There is no manual, so I go the hard way to read its source: It does the
"Asking all remaining processes to terminate" thing.
So I suppose some daemon refuse to succumb, and sendsigs is waiting for it, or
failed to kill nastily and is thus confused. I look at /var/run:
$ ls -F /var/run/
apache2/ ldapi@ portmap.pid screen/ sshd.pid
crond.pid motd portmap.state slapd/ utmp
crond.reboot mysqld/ rpc.statd.pid sm-notify.pid xe-daemon.pid
exim4/ portmap_mapping rsyslogd.pid sshd/
portmap was manually stopped, therefore, daemons don't always remove pid
before they leave, and the remaining files in /var/run does not indicate
daemons who refuse to die.
Did sendsigs spit any error message? There were none in /var/log/syslog and
/var/log/messages. Another user reported seeing error on screen from sendsigs
while not able to finding it in both log files, so it is not logged there:
I am operating a remote server, there is no screen for me to see.
His problem may be the same as mine. As he solved it, he post:
http://forums.debian.net/viewtopic.php?f=5&t=63896
"A check forced of filesystem solved the problem."
I meditated for a while on this "check forced of filesystem", the grammar
isn't correct and the whole sentence makes no sense. Does he mean "reboot -f"

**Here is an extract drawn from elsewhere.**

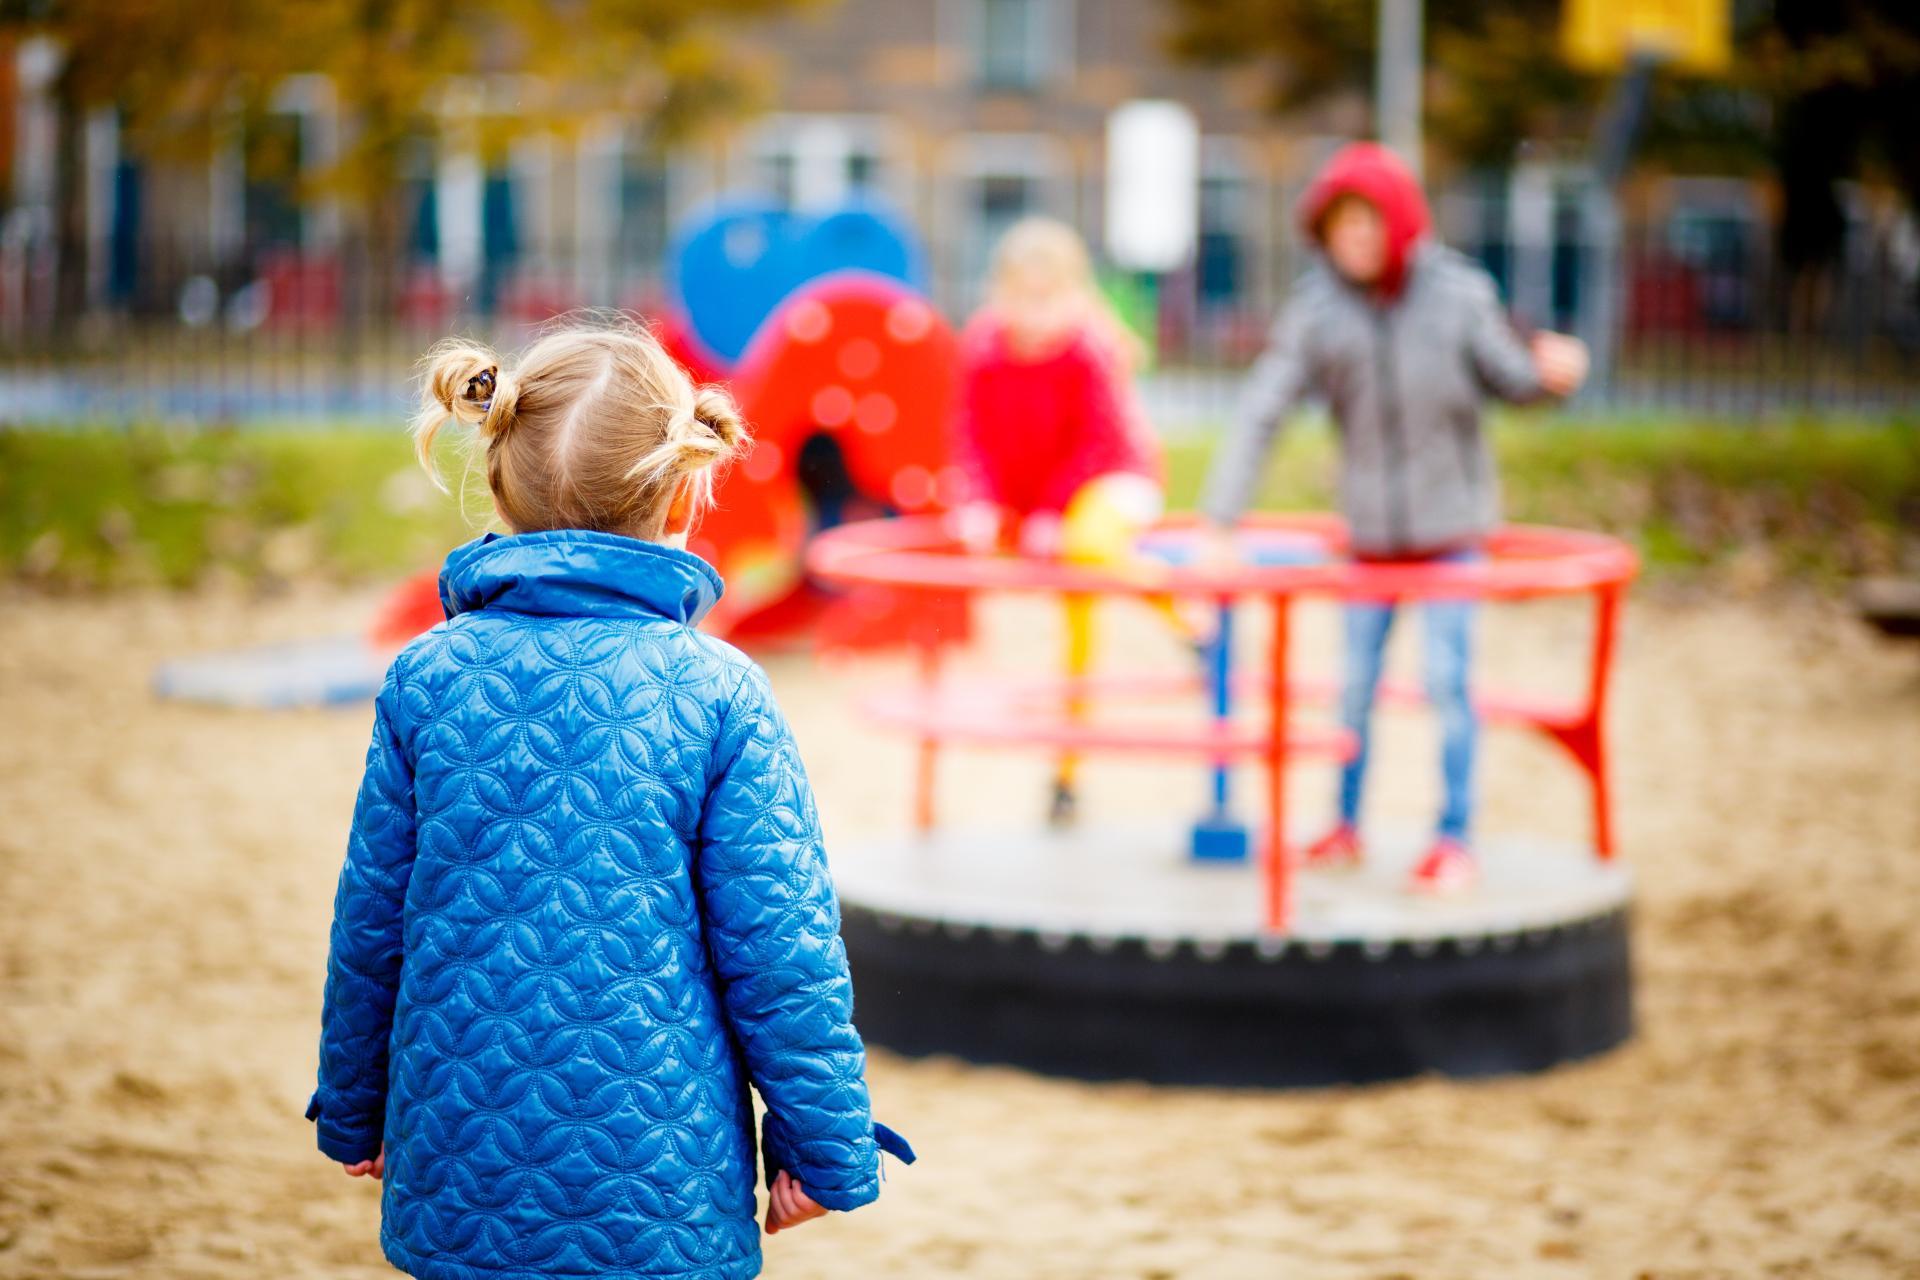 kinderen op speelplaats
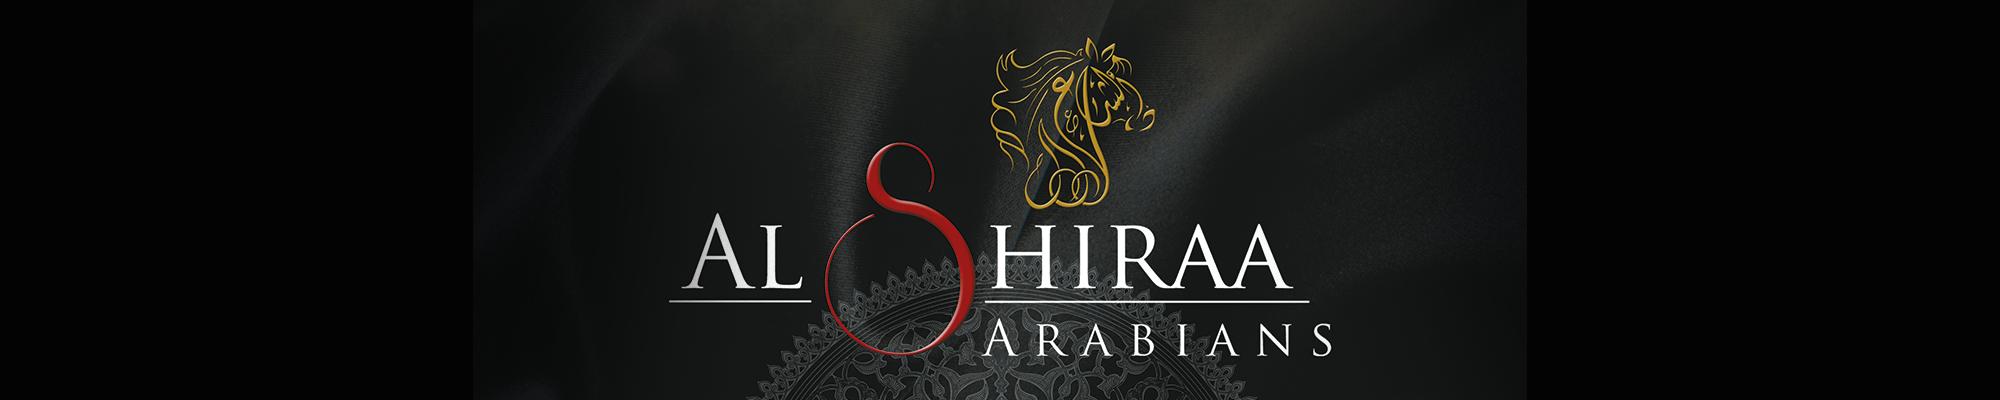 Al-shiraa

to force reboot? I have tried that and didn't make any difference than
"reboot" without "-f". Does he mean manually umount all non-root filesystem?
My /var/local is the only non-root physical file-system, and it is in use.
'sudo lsof /var/local' hangs there for 1 hour, so it remain a mystery which
process is using it, but accessing its files is fine and error-free. Besides,
there are various *umount* in /etc/rc.6d/ and they are all ordered after
sendsigs, so they are not suposed to cause problem until sendsigs finishes.
So deadend again. Now as I browse through the process tree, I found one
process that is started 2 weeks ago and should be long dead:
$ ps ax | grep youtu
18380 ? D 0:03 python /usr/local/bin/youtube-dl
I distantly remember it had been run on a NFS mount which was jammed, and
later, because umount not possible (NFS server gone), I had done lazy umount:
# umount -l /mnt/nfs
So I believe this one the culprit. "kill -9" cannot kill it, confirming my
guess. https://wiki.debian.org/Kill says if you can't kill with "kill -9", you
should reboot, which brings me back to this problem, chicken or egg first?
With no way to kill 18380 but to reboot, and no way to reboot but to kill
18380, I instead killed sendsigs with -TERM. The result is trouble: I was
immediately kicked out of ssh session, server stopped to responding PING, and
half an hour later I capitulated and called datacenter for a cold reboot.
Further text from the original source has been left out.